The good ol' days, fishing on the reservation
One day last week was just like the good ol’ days on the Blackfeet Indian Reservation.
Catching 6-8 pound rainbow trout?
Nope. Sitting in the truck waiting for the wind to stop making whitecaps!
When I arrived at a hidden lake (hint) a few minutes before 11 a.m., the surface was calm, with an occasional ring showing a fish feeding.
By the time I’d loaded one rod with a water boatman on a dry line and another rod with an orange-tailed Prince Nymph on a slow-sinker, there was slight, but noticeable, air movement from the east.
Fine with me. Before I left home I checked www.wunderground.com which showed a wind switch in early afternoon, followed by squalls a few hours later.
An east wind has never been my friend on the rez, but I was hoping for a couple hours of reasonably calm winds during the switch before the settled from the west.
I fished about an hour, all blind-casting. Never got close enough to put a fly close to a fish feeding near or on the surface.

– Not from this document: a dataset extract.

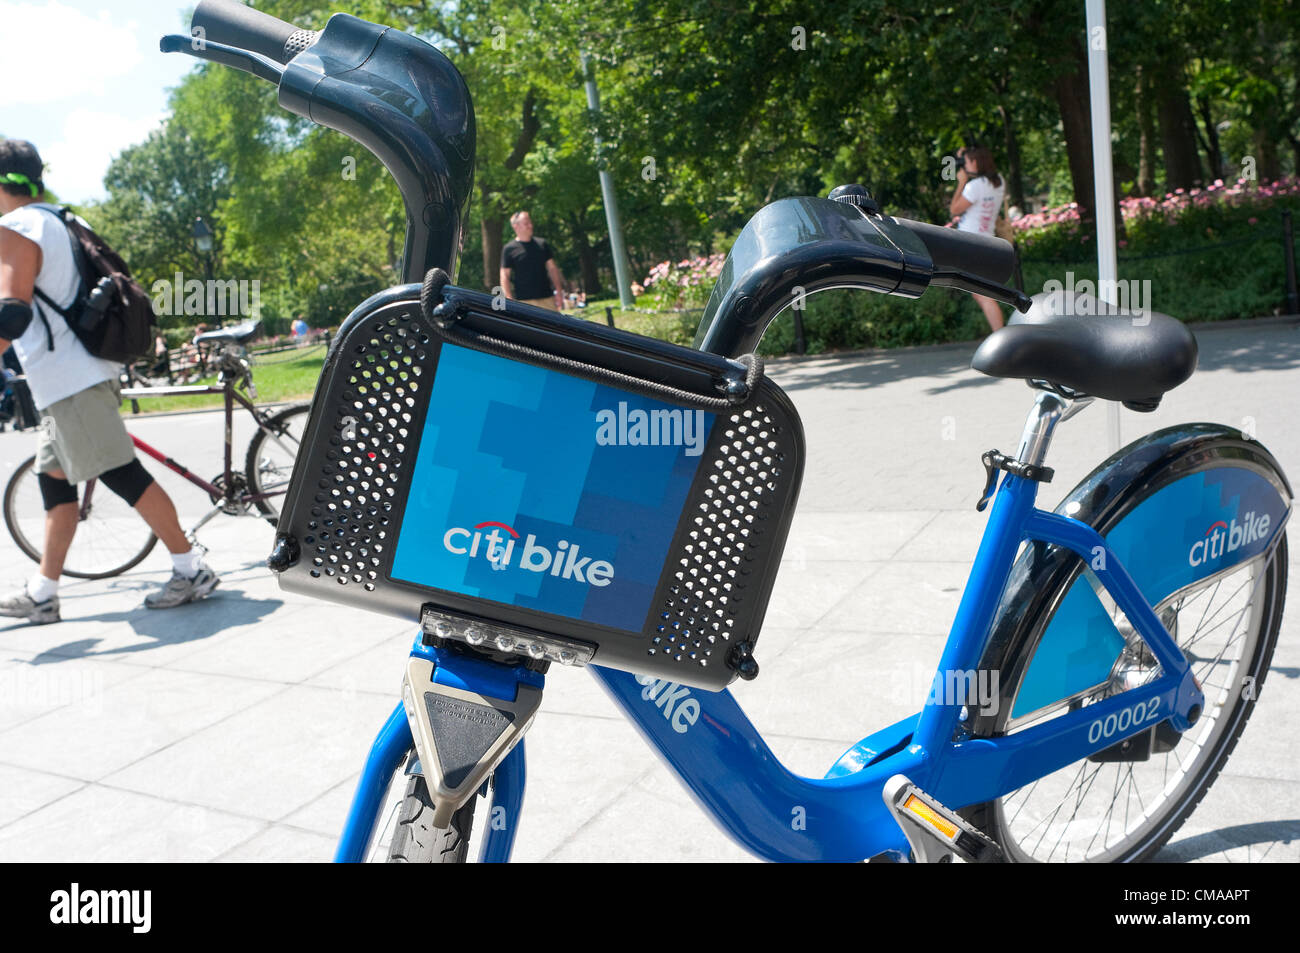 L'une des 6000 CitiBikes bleu qui fera partie de la ville de New York de neuf Programme BikeShare. ©Stacy Walsh Rosenstock/Alamy Banque D'Images

I did notice a shower to the north and some nasty-looking black clouds building up over the eastern front of Glacier National Park.
Rather than kick too far from the truck, I stayed within 200 yards upwind, then decided to move back towards the “just in case.”
Well, “just in case” happened when I was almost back to the shoreline.
With one mighty gust, the wind changed from “slight” from the east to “almost blew me off the water” from the west.
I dragged my pontoon close to the truck so the wind wouldn’t send it across the prairie, then sat in the truck for two hours.
Just like the good ol’ days before Internet!